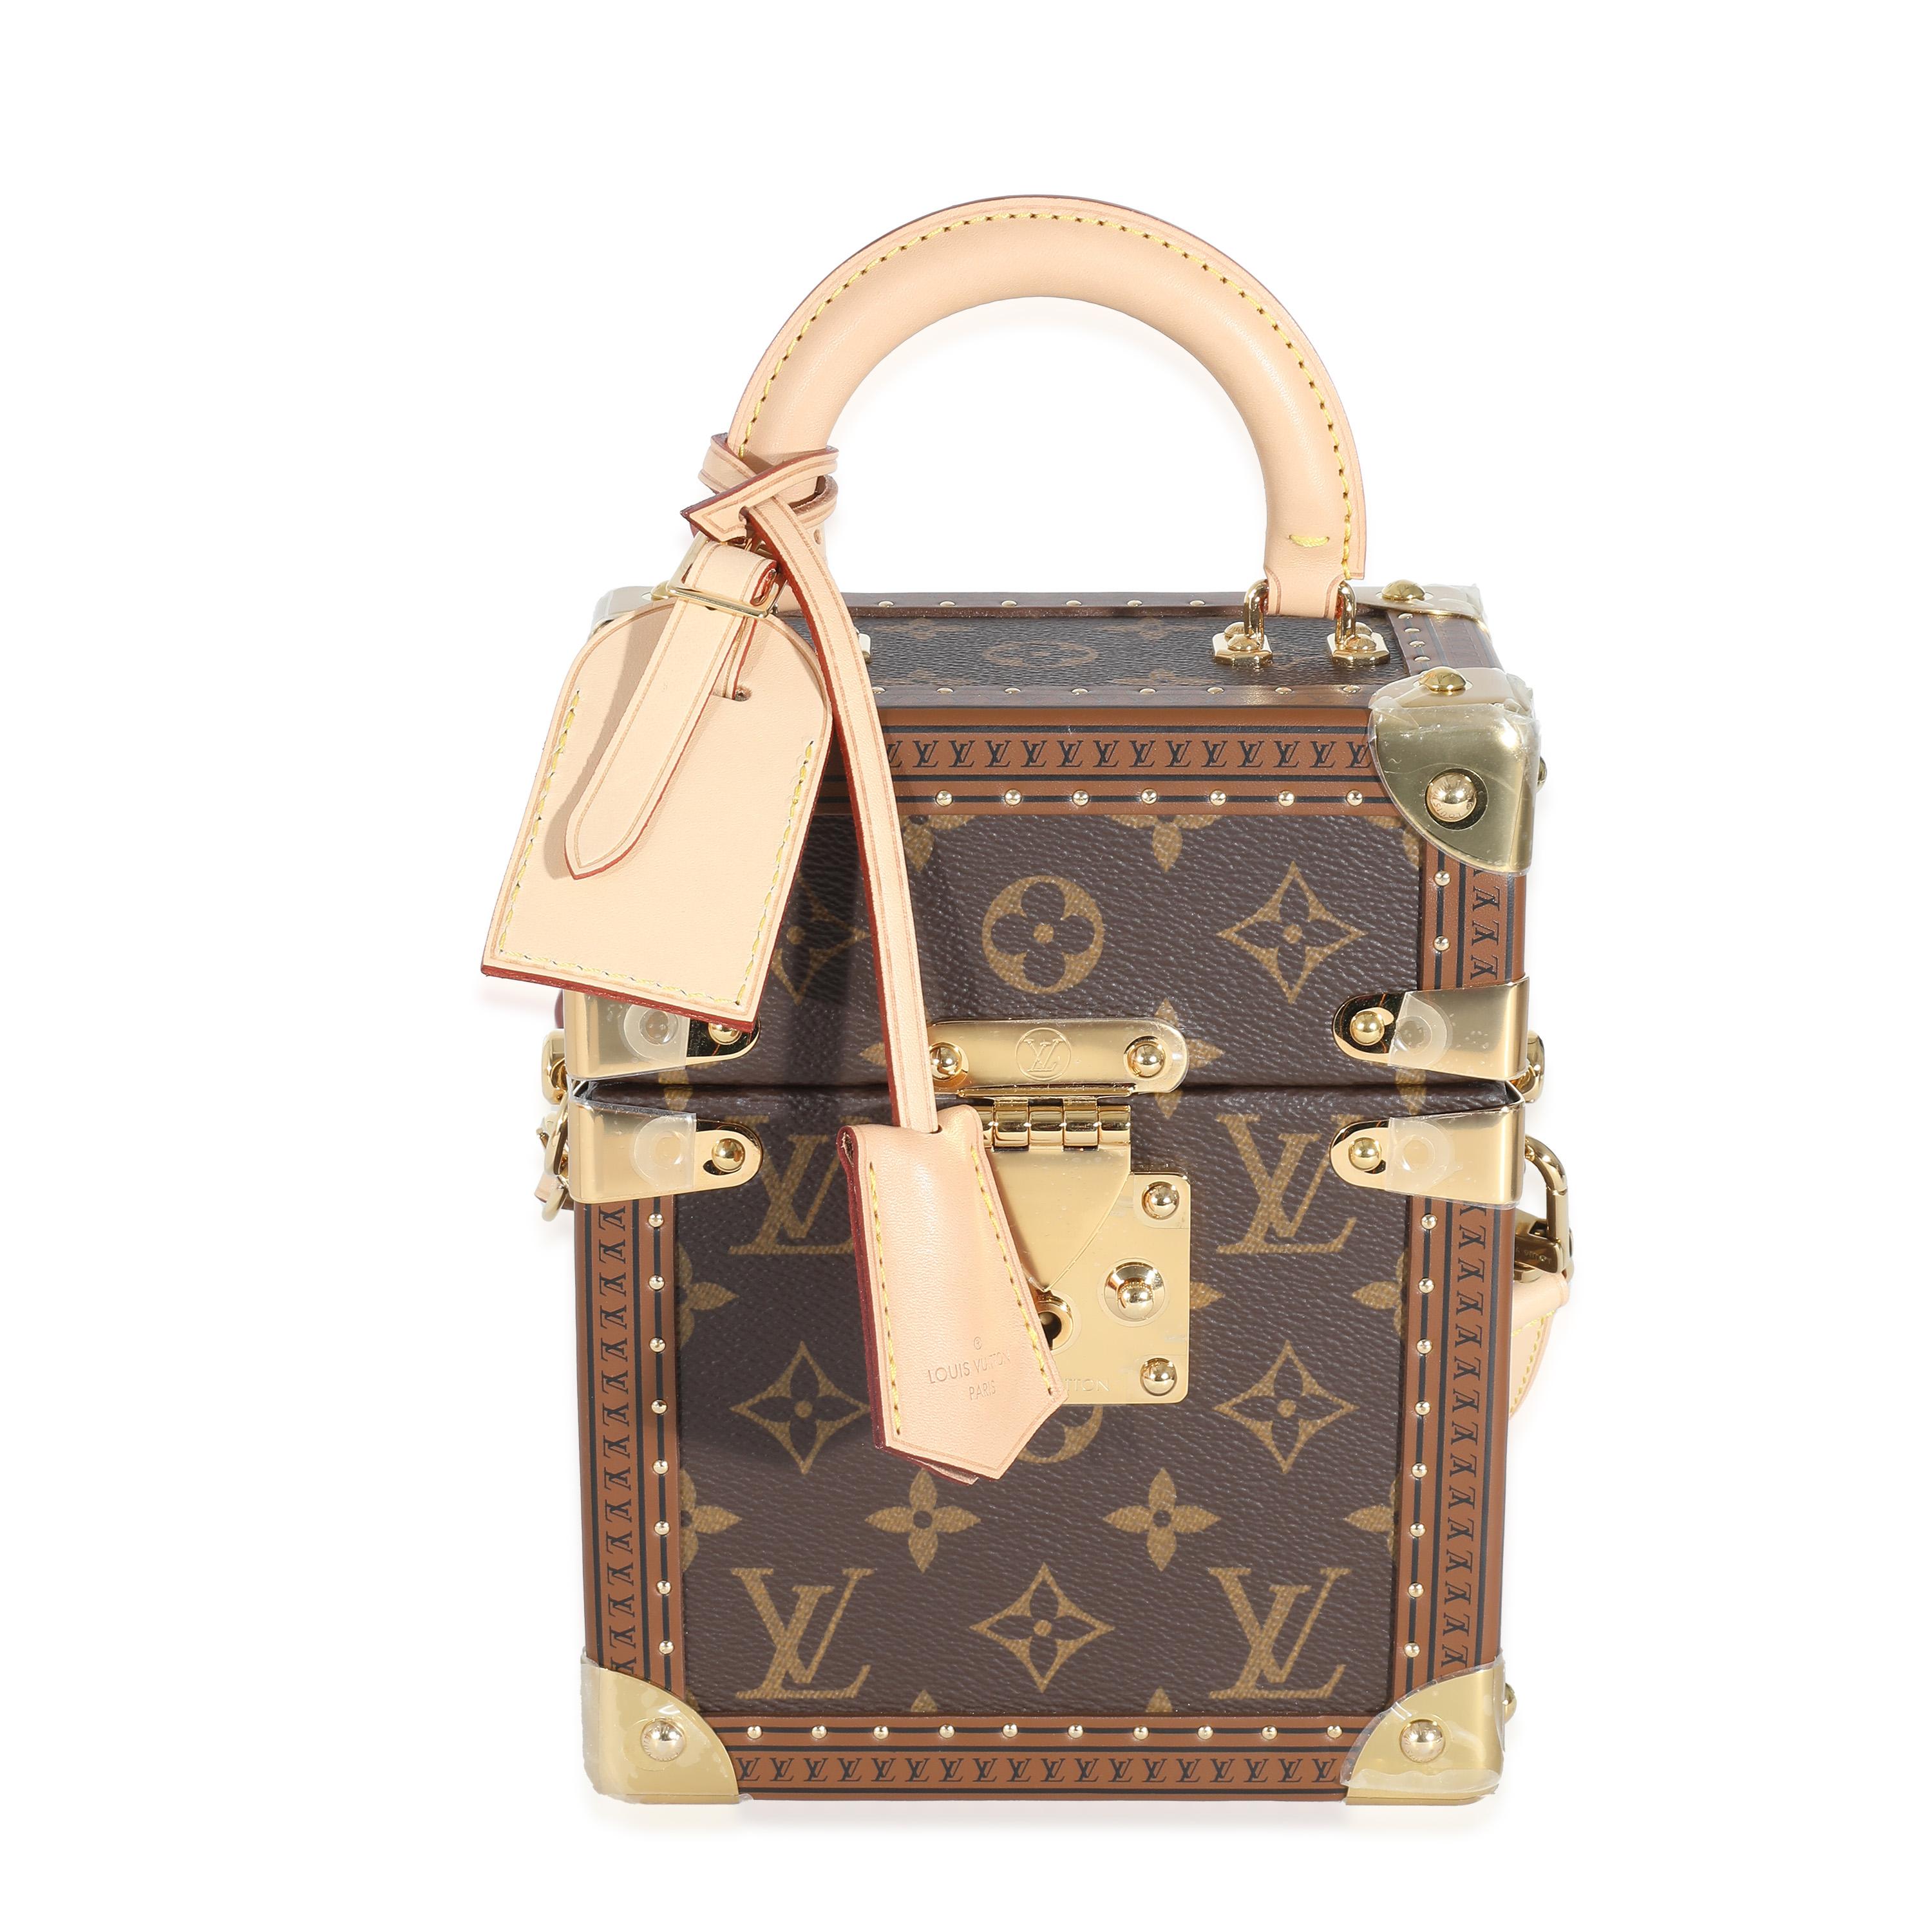 Listing Title: Louis Vuitton Monogram Canvas Camera Box
SKU: 137031
MSRP: 8800.00 USD
Condition: Pre-owned 
Condition Description: Comes with the original box.
Handbag Condition: Excellent
Condition Comments: Item is in excellent condition and
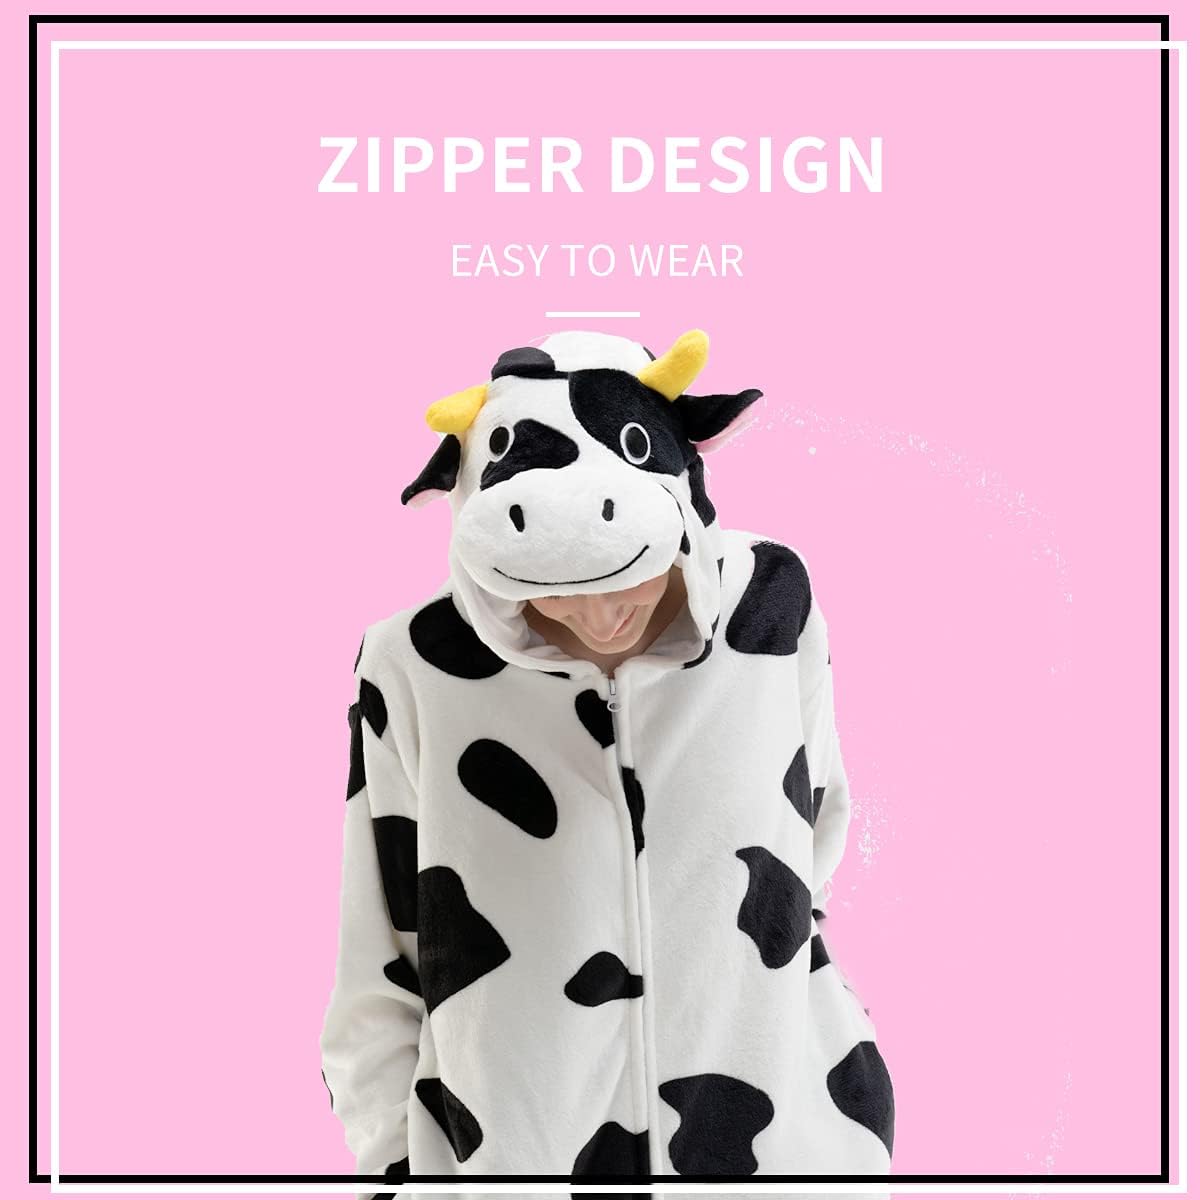 Unisex Babies Cow Cosplay Animal Onesie Pajamas Within 24 Months
--------------------
• Task requirements:
Beginning with the line containing "Condition: Pre-owned" and ending with the last line of the data above, repeat each line exactly. Include no pictures and no other lines.

• Solution to this problem:
Condition: Pre-owned 
Condition Description: Comes with the original box.
Handbag Condition: Excellent
Condition Comments: Item is in excellent condition and
 Unisex Babies Cow Cosplay Animal Onesie Pajamas Within 24 Months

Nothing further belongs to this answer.